Still, we weren’t prepared for the suddenness of her departure. That was my fault. I shouldn’t have kept those letters, the ones that boy Justin sent. They spanned about six months before he gave up and, I suppose, began to forget her, but I couldn’t bring myself to throw them away. Maybe it was because I remembered the way they played in the early days, off in the woods, as Matthew and I had. I used to imagine them finding the Hundred Tree, with the cushions rotting where we left them. As if those things were still there, after all these years. Whatever the reason, I kept his letters in a shoe box in the back of our closet. And one night Maurie found them.

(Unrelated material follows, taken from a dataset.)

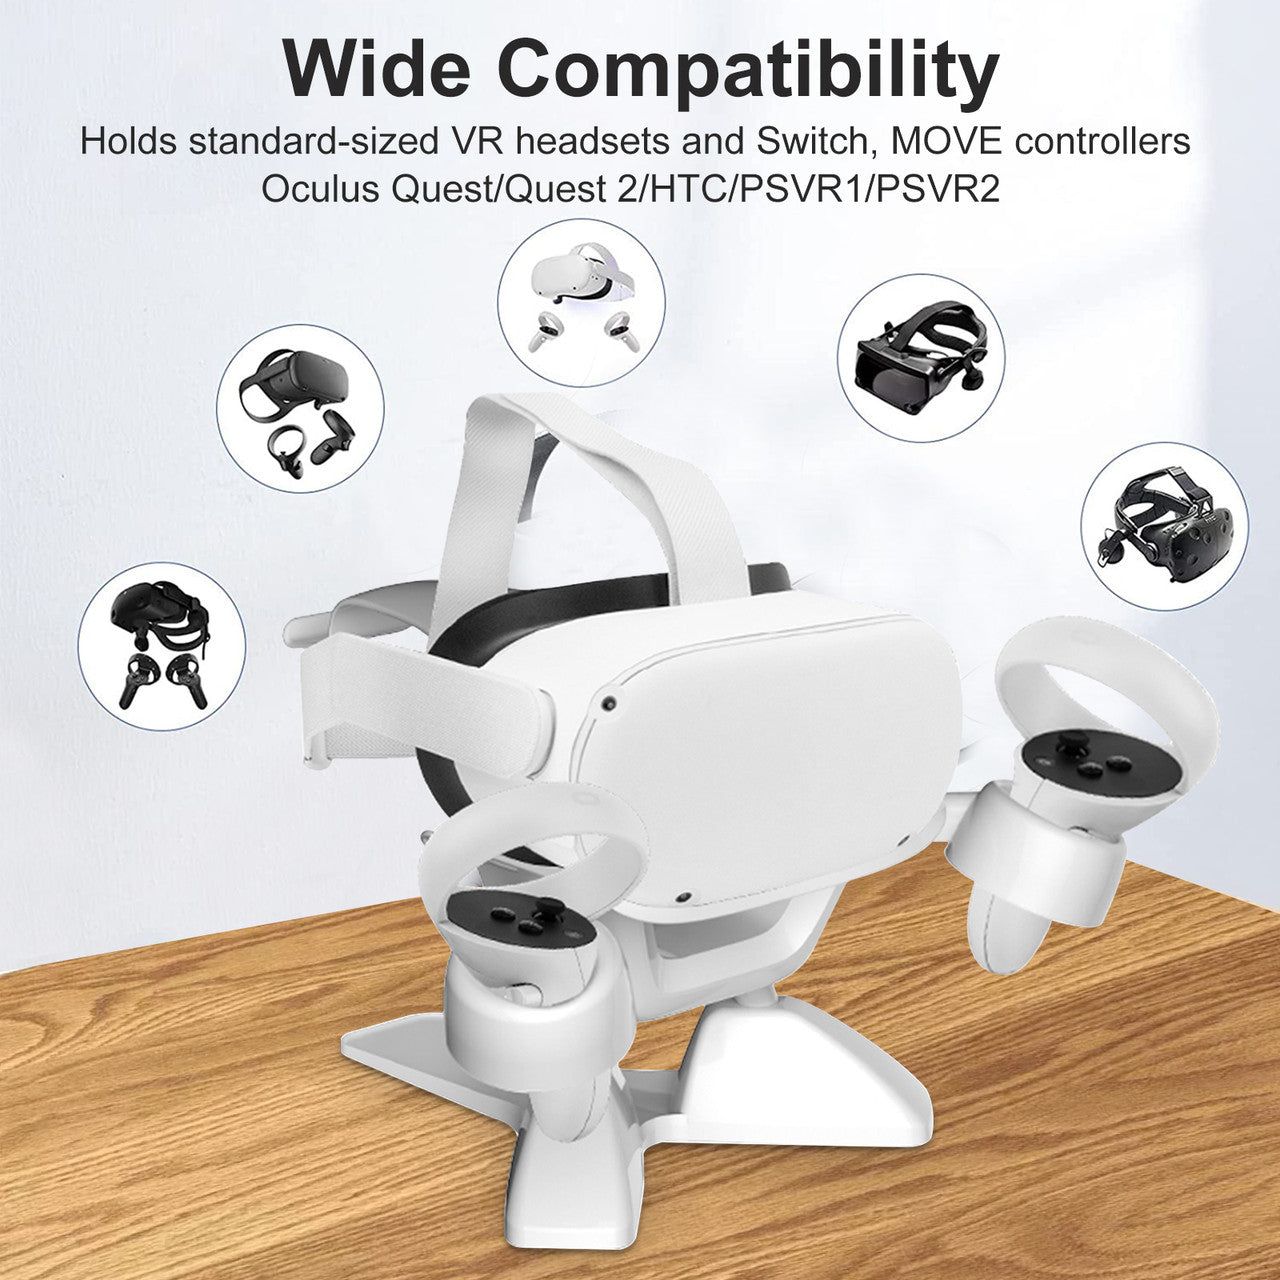 VR Stand Compatible - For Quest 2, Quest, Rift, Rift S, Valve Index Headsets & Touch Controllers (White)
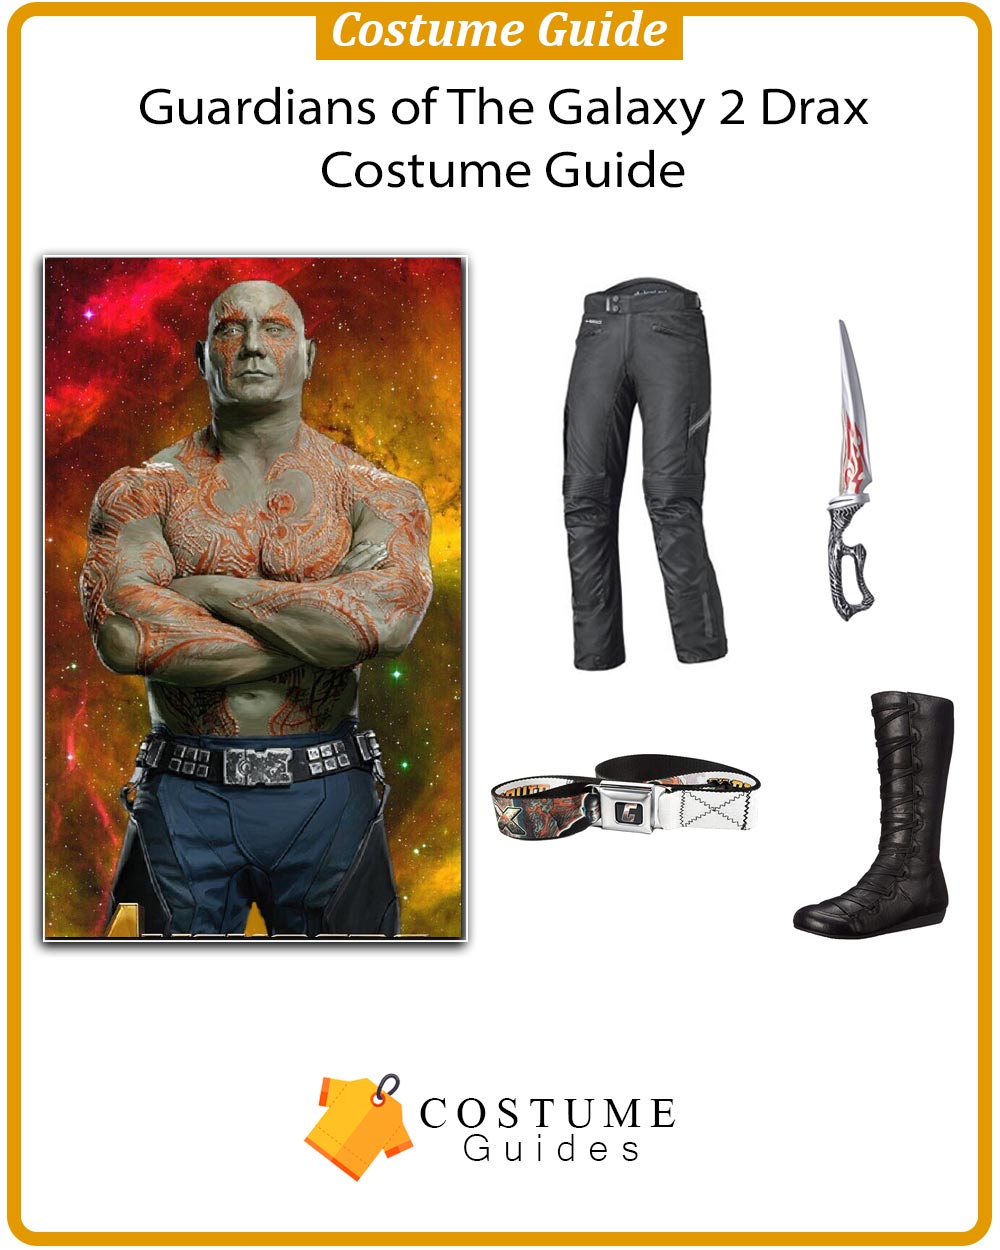 Drax Guardians of The Galaxy 2 Costume Guide

We were in the parlor. Mother and Lilith were watching the television, and I was reading. Maurie had been upstairs for some time. She’d taken to wearing some of Mother’s and Lilith’s old things—brooches, scarves, and wraps that she made lively in that way she had—so I suppose that’s what she was looking for. She came running down the stairs in her jeans and those cowboy boots she wore everywhere then. The tears on her face ran black with the mascara she slathered on. She went to Lilith, opened the shoe box, and threw the letters in her lap. Her fury had that elemental quality Lilith’s used to have, a crackling, combustive charge that lit her up from the inside. I was glad of the enormous wings of my chair, like a protective shell.